══ Data extracts

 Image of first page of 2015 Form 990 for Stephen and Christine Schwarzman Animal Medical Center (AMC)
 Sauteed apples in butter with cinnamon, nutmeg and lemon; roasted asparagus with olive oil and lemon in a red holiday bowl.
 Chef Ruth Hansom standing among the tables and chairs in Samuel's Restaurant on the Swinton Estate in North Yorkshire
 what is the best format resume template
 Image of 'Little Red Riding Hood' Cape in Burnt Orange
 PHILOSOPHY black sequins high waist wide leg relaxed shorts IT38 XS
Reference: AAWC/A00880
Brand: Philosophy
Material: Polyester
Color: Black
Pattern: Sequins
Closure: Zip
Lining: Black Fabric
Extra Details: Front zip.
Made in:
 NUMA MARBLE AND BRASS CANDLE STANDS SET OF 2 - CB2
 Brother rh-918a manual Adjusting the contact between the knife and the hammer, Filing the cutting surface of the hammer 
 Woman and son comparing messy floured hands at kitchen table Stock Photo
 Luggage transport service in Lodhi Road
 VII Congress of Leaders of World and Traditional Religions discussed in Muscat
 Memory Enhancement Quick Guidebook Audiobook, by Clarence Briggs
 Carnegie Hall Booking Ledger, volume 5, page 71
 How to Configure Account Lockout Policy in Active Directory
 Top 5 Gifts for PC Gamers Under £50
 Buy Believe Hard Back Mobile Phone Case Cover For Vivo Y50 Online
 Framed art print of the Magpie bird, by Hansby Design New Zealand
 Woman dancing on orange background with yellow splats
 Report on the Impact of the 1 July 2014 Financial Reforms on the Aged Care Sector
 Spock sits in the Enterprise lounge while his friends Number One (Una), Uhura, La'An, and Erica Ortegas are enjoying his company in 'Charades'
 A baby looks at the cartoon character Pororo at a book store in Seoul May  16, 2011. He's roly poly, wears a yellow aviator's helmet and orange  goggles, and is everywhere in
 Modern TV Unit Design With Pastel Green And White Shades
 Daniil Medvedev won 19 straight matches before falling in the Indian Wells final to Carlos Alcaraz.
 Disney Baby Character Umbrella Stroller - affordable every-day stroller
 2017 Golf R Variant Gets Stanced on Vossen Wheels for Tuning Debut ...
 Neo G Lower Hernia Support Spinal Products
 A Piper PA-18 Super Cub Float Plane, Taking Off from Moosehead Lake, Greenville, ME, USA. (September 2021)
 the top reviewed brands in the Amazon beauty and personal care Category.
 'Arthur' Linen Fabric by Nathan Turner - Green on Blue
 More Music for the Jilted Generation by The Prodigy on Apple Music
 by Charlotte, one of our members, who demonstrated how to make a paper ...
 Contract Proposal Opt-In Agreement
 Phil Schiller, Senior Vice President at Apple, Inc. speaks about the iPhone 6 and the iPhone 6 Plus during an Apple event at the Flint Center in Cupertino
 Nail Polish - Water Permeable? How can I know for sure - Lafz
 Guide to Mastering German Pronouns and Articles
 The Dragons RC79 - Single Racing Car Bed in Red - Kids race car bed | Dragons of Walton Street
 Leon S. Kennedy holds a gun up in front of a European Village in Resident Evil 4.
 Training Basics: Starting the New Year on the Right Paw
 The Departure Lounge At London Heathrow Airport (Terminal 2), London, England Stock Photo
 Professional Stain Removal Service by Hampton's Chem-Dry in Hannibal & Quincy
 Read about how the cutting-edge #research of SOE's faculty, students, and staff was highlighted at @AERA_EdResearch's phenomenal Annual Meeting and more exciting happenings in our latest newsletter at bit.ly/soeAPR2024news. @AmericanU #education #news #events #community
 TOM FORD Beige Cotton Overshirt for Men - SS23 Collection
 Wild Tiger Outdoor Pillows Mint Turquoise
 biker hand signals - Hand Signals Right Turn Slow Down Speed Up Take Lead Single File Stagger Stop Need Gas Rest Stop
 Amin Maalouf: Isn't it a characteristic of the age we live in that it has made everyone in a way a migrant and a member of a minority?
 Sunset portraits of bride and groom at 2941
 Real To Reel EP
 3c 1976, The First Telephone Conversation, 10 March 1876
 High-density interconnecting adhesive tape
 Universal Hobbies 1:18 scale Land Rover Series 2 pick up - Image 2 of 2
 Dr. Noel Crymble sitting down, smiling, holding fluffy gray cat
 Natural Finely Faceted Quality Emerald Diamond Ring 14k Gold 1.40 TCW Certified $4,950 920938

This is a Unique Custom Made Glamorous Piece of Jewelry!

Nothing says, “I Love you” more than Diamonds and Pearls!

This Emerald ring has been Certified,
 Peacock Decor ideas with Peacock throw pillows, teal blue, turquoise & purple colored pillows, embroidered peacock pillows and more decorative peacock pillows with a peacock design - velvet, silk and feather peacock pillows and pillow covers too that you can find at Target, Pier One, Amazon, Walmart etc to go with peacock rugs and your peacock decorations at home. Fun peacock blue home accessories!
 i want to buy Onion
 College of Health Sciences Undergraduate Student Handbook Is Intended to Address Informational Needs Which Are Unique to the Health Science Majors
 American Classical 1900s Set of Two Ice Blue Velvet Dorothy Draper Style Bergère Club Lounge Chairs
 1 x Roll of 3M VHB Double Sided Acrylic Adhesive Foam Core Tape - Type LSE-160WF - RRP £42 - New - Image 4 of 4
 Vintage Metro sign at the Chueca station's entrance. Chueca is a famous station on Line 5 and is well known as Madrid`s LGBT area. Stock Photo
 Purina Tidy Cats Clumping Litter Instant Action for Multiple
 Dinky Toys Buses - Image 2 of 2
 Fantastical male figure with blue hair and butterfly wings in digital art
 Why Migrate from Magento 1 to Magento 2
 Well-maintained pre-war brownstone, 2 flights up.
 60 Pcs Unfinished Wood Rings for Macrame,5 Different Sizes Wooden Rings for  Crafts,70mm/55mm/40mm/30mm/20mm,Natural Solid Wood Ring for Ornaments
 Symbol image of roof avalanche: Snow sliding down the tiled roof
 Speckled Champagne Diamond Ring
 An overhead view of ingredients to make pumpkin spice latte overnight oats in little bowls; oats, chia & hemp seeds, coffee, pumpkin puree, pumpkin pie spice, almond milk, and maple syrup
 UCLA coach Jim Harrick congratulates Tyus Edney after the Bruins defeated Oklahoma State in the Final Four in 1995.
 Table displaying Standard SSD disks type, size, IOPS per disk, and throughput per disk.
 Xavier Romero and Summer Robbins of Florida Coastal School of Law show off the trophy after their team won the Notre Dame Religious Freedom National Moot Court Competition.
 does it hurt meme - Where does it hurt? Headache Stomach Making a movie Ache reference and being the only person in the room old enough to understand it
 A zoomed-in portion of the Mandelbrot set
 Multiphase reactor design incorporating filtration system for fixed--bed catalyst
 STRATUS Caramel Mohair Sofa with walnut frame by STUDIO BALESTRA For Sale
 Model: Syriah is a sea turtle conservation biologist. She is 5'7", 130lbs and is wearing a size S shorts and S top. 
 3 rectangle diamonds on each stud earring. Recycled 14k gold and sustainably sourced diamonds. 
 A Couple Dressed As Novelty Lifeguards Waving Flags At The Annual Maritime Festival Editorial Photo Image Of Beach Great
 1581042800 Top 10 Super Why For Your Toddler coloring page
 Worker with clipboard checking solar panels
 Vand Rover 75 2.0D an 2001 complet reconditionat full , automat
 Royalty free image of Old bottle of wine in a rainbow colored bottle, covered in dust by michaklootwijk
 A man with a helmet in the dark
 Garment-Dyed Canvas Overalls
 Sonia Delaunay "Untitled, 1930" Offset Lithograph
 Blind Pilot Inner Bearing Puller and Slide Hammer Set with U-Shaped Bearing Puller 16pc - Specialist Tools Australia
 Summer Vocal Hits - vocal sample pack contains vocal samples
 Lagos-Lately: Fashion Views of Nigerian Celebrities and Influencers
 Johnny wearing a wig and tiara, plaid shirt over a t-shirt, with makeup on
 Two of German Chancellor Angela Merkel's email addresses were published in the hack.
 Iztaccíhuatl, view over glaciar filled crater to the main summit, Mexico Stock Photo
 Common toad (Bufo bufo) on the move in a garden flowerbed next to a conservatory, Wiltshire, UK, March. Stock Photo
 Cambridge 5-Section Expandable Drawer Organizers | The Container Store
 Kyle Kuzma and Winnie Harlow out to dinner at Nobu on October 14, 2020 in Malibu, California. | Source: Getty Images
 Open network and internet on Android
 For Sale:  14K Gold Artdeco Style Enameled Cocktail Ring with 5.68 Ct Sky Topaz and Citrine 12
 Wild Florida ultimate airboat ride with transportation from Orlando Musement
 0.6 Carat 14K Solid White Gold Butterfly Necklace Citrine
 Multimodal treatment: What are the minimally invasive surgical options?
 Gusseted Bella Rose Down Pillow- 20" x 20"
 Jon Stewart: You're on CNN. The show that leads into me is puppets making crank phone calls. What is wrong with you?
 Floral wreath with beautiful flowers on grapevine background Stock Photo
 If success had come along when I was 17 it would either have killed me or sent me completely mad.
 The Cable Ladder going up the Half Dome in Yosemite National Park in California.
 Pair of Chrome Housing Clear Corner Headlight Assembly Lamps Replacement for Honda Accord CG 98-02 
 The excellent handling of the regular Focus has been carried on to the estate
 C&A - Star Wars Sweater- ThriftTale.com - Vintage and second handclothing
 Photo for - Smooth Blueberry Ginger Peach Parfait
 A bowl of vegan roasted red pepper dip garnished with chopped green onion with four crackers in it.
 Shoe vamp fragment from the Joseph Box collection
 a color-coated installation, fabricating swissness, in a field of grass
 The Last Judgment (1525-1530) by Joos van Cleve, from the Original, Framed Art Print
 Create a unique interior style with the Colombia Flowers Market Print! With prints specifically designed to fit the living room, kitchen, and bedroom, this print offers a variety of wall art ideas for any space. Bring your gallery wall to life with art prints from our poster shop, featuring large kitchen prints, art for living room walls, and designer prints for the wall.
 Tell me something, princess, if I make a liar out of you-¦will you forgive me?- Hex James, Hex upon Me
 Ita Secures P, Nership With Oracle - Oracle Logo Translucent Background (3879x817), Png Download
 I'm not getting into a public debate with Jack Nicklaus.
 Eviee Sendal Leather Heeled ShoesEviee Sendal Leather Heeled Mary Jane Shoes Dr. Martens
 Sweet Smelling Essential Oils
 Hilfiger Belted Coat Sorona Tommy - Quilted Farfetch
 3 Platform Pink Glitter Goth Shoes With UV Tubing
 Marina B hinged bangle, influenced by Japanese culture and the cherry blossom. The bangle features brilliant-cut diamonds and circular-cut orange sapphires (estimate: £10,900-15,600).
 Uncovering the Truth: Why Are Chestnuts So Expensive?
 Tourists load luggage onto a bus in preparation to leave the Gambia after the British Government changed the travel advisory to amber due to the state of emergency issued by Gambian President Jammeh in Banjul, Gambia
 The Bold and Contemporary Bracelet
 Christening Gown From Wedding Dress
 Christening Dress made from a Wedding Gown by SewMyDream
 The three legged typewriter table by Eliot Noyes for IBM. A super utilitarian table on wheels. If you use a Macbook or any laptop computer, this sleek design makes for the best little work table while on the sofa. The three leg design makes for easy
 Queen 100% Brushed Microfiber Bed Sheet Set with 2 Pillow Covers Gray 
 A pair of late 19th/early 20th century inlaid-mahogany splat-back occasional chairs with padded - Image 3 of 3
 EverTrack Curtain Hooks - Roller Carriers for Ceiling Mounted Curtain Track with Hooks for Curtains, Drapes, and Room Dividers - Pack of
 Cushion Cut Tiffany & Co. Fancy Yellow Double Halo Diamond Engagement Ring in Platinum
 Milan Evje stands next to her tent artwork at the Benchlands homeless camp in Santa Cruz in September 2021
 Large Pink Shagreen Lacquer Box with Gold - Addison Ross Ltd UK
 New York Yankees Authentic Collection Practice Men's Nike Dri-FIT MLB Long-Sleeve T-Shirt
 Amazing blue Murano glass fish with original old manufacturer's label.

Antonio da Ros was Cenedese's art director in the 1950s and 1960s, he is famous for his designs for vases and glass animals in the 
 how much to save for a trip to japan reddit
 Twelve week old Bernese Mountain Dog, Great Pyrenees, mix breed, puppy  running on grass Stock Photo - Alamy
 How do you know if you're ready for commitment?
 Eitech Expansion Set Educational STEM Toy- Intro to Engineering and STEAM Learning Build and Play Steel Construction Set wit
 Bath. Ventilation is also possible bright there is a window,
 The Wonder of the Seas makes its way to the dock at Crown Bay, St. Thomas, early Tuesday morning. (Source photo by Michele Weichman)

════

• **Exercise objective**
Nothing but the lines with "after" should be returned, copied from the entries above.

• **Written answer**
 UCLA coach Jim Harrick congratulates Tyus Edney after the Bruins defeated Oklahoma State in the Final Four in 1995.
 Xavier Romero and Summer Robbins of Florida Coastal School of Law show off the trophy after their team won the Notre Dame Religious Freedom National Moot Court Competition.
 Tourists load luggage onto a bus in preparation to leave the Gambia after the British Government changed the travel advisory to amber due to the state of emergency issued by Gambian President Jammeh in Banjul, Gambia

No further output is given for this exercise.